Опять всхлип, и что-то упало мне на живот. Или кто-то?
Я медленно, нехотя приоткрыла глаза и поняла, что меня за талию
обнимал ребёнок, орошая мою одежду на уровне живота слезами. Причём
даже плакать он старался тихо. Звучало это очень странно.
Уж что-что, но дети обеих сестёр всегда были шумными, что
девочки, что мальчишки. И моя печаль по поводу невозможности иметь
больше детей, кроме единственной радости — дочери, уходила, когда я
вспоминала своих неугомонных племянников-школьников.
Но тут голос был таким безнадёжным, что я неосознанно положила
ладонь на голову мальчугана, и попыталась приободрить:
— Ну чего ты, чего, не всё так плохо. — Вырвалось воронье
карканье, от которого я застыла, испугавшись.
— Мама? — Растерянно. — Мама, но ты совсем умерла, не дышала.
Мама!
На меня навалились всей небольшой тушкой и сжали изо всех сил в
объятиях.
Я полностью открыла глаза, свет резанул по ним, хотя в комнате
царил полумрак, растерянно погладила мальчишку по волосам, бубня
неосознанно:
— Здесь я, здесь, жива. Ну, чего ты, Маркус?
Осознала, что сама назвала по имени незнакомого мальчишку,
которого разглядывала. Наморщила лоб, пытаясь вспомнить, откуда я
его знала, и поняла, что, вероятно, сошла с ума.
Голова была тяжёлая, мысли лениво ворочались, но я откуда-то
знала этого мальчугана. Закрыла глаза, расслабившись, и тут поток
воспоминаний хлынул в голову, смывая любые мысли.
Не знаю, сколько времени прошло, но, открыв глаза, я увидела
того же мальчугана, с беспокойством смотревшего на меня.
— Мама? Ты… Вокруг тебя была она… Я видел её вот здесь… —
Шёпотом проговорил мальчуган.
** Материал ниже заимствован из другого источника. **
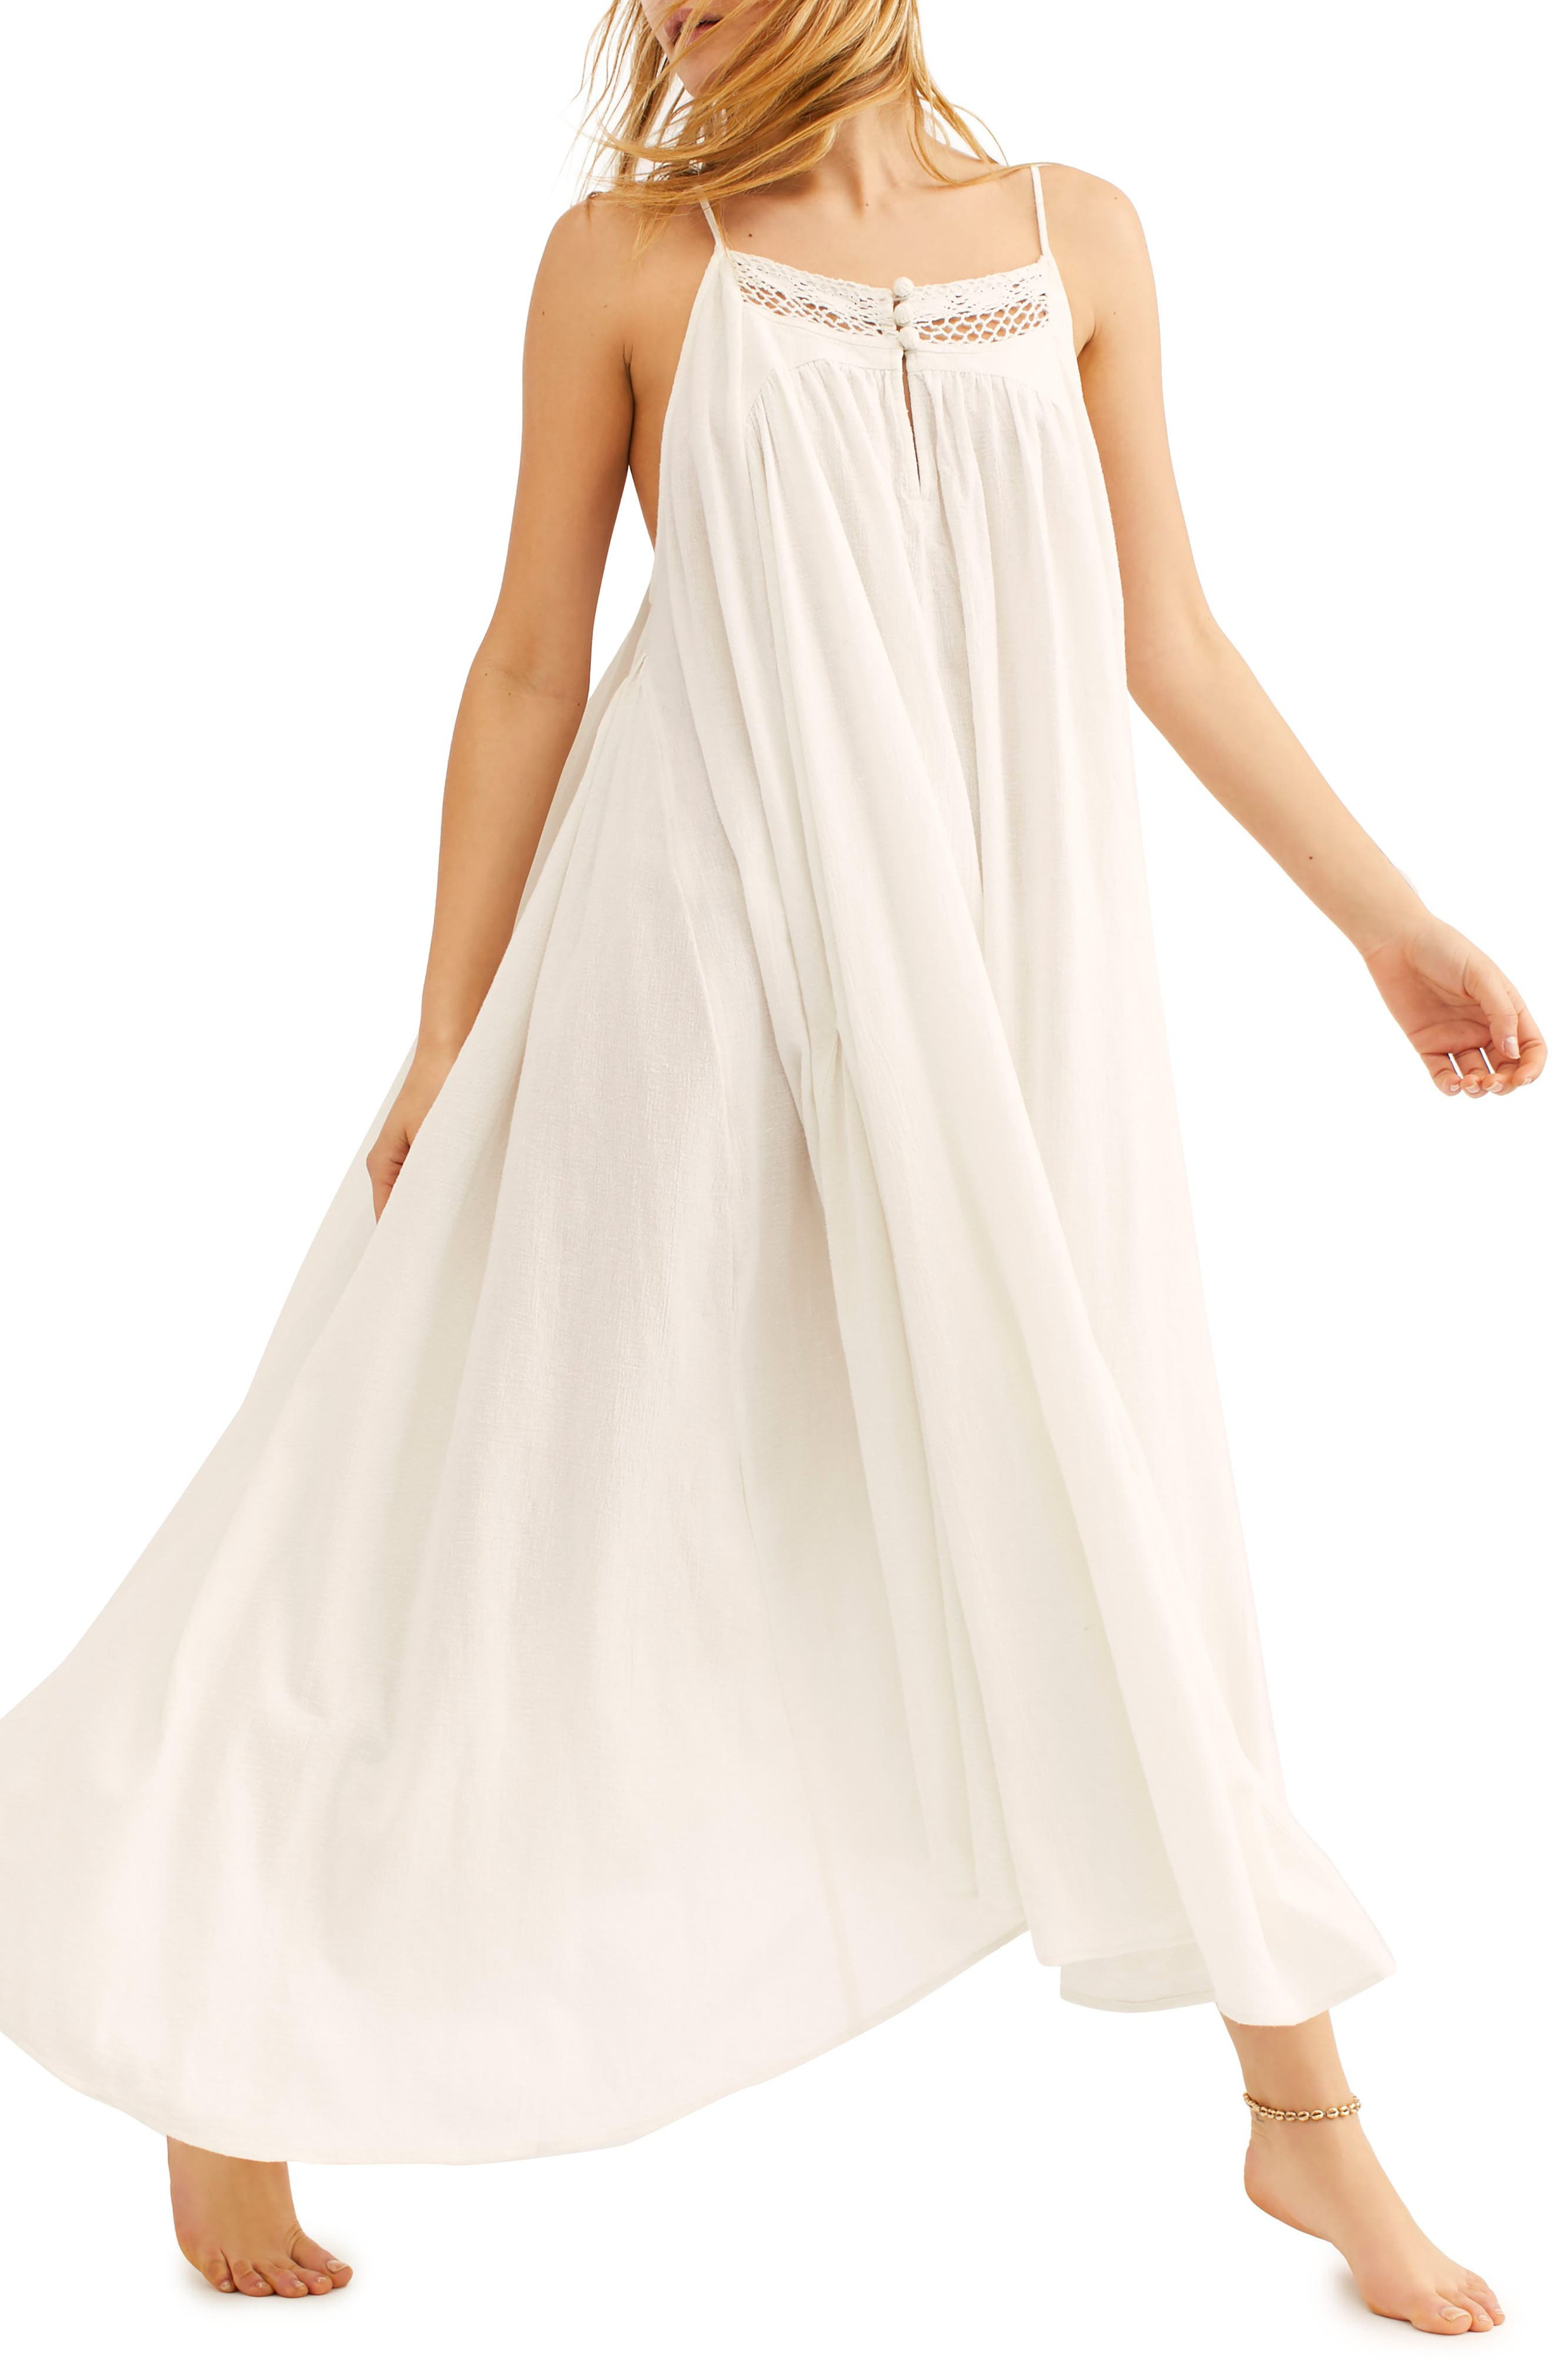 66441178894 Women's Free People Dresses   Nordstrom

Вернее, Маркус Морган, мой сын, моя
радость и камень преткновения с мужем.
Застонала, понимая, что никакого мужа у меня уже пять лет не
было, мы развелись. Я не смогла больше иметь детей, а ему так
сильно хотелось наследника. Дочь училась в столице, радуя, да и муж
до конца повёл себя как приличный человек и помогал ей.
Где я вообще находилась? Откуда в моей голове появились эти
странные воспоминания… Я резко села, услышав тихий плачь ребёнка.
Он опять упал на меня и, плача, делился своими переживаниями.
Я слушала и обалдевала, а в памяти всплывали ужасные
картинки:
— А вы с отцом вчера опять вдвоём пили, а ты же знаешь, что тебе
с твоим даром нельзя. Это всё папа, я слышал, он хочет, чтобы у
тебя дар пропал полностью. Он собирался на работу, а потом хотел
пойти опять играть. Вы поссорились, ты ещё завтрак сожгла, и он
тебя опять… — На этом месте ребёнок сжал меня в объятиях, словно
пытался защитить, а я и сама уже вспомнила недавние события.
Передо мной замелькали картинки кино, я даже глаза закрыла,
настолько реально они вставали у меня перед глазами.
Неухоженный небольшой домик на окраине Саутгемптона, словно из
другого столетия, встал перед моими глазами. Одежда на мне была
странная, словно я была женщиной века
восемнадцатого-девятнадцатого, причём достаточно молодой, но сильно
истощённой.
Мужчина, собирающийся и торопивший меня с завтраком. Холодная
вода, мои покрасневшие руки, все в ципках.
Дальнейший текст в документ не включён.